*Exercise goal*
Write the material out again, line by line, exactly as it is.

#####

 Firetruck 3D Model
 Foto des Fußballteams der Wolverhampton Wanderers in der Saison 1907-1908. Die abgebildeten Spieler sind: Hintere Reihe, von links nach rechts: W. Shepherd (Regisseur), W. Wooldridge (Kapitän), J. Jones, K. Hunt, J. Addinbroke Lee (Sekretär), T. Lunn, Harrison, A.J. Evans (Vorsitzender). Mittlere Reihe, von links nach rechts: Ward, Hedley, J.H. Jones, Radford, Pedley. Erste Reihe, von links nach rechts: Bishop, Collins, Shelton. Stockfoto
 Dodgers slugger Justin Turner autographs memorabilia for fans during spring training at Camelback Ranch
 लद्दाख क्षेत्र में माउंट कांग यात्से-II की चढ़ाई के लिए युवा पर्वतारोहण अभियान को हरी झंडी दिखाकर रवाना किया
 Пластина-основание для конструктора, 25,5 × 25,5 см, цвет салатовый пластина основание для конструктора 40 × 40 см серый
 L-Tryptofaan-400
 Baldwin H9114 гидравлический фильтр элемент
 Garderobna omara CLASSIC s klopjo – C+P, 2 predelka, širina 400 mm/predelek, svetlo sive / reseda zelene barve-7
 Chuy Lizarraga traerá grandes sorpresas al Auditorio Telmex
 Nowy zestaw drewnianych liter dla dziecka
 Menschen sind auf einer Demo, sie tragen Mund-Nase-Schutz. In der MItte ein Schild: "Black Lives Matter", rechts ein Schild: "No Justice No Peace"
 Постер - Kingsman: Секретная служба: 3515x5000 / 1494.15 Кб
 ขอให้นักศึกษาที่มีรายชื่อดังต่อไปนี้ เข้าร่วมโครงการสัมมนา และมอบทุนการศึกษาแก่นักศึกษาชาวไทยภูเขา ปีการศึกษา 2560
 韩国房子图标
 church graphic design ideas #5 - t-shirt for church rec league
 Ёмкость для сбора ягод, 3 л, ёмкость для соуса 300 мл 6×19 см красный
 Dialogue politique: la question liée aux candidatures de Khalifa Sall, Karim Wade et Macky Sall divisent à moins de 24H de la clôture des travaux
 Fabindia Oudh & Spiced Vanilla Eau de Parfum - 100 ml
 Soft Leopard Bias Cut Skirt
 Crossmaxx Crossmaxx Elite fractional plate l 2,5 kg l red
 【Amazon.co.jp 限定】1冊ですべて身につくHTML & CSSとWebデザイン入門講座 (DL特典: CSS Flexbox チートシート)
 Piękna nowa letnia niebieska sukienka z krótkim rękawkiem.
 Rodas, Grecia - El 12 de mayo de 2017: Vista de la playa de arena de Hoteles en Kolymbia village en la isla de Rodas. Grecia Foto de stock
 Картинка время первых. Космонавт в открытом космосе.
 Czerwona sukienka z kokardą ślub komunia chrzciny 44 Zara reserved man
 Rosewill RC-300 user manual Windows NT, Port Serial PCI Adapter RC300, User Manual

#####

*Worked solution*
 Firetruck 3D Model
 Foto des Fußballteams der Wolverhampton Wanderers in der Saison 1907-1908. Die abgebildeten Spieler sind: Hintere Reihe, von links nach rechts: W. Shepherd (Regisseur), W. Wooldridge (Kapitän), J. Jones, K. Hunt, J. Addinbroke Lee (Sekretär), T. Lunn, Harrison, A.J. Evans (Vorsitzender). Mittlere Reihe, von links nach rechts: Ward, Hedley, J.H. Jones, Radford, Pedley. Erste Reihe, von links nach rechts: Bishop, Collins, Shelton. Stockfoto
 Dodgers slugger Justin Turner autographs memorabilia for fans during spring training at Camelback Ranch
 लद्दाख क्षेत्र में माउंट कांग यात्से-II की चढ़ाई के लिए युवा पर्वतारोहण अभियान को हरी झंडी दिखाकर रवाना किया
 Пластина-основание для конструктора, 25,5 × 25,5 см, цвет салатовый пластина основание для конструктора 40 × 40 см серый
 L-Tryptofaan-400
 Baldwin H9114 гидравлический фильтр элемент
 Garderobna omara CLASSIC s klopjo – C+P, 2 predelka, širina 400 mm/predelek, svetlo sive / reseda zelene barve-7
 Chuy Lizarraga traerá grandes sorpresas al Auditorio Telmex
 Nowy zestaw drewnianych liter dla dziecka
 Menschen sind auf einer Demo, sie tragen Mund-Nase-Schutz. In der MItte ein Schild: "Black Lives Matter", rechts ein Schild: "No Justice No Peace"
 Постер - Kingsman: Секретная служба: 3515x5000 / 1494.15 Кб
 ขอให้นักศึกษาที่มีรายชื่อดังต่อไปนี้ เข้าร่วมโครงการสัมมนา และมอบทุนการศึกษาแก่นักศึกษาชาวไทยภูเขา ปีการศึกษา 2560
 韩国房子图标
 church graphic design ideas #5 - t-shirt for church rec league
 Ёмкость для сбора ягод, 3 л, ёмкость для соуса 300 мл 6×19 см красный
 Dialogue politique: la question liée aux candidatures de Khalifa Sall, Karim Wade et Macky Sall divisent à moins de 24H de la clôture des travaux
 Fabindia Oudh & Spiced Vanilla Eau de Parfum - 100 ml
 Soft Leopard Bias Cut Skirt
 Crossmaxx Crossmaxx Elite fractional plate l 2,5 kg l red
 【Amazon.co.jp 限定】1冊ですべて身につくHTML & CSSとWebデザイン入門講座 (DL特典: CSS Flexbox チートシート)
 Piękna nowa letnia niebieska sukienka z krótkim rękawkiem.
 Rodas, Grecia - El 12 de mayo de 2017: Vista de la playa de arena de Hoteles en Kolymbia village en la isla de Rodas. Grecia Foto de stock
 Картинка время первых. Космонавт в открытом космосе.
 Czerwona sukienka z kokardą ślub komunia chrzciny 44 Zara reserved man
 Rosewill RC-300 user manual Windows NT, Port Serial PCI Adapter RC300, User Manual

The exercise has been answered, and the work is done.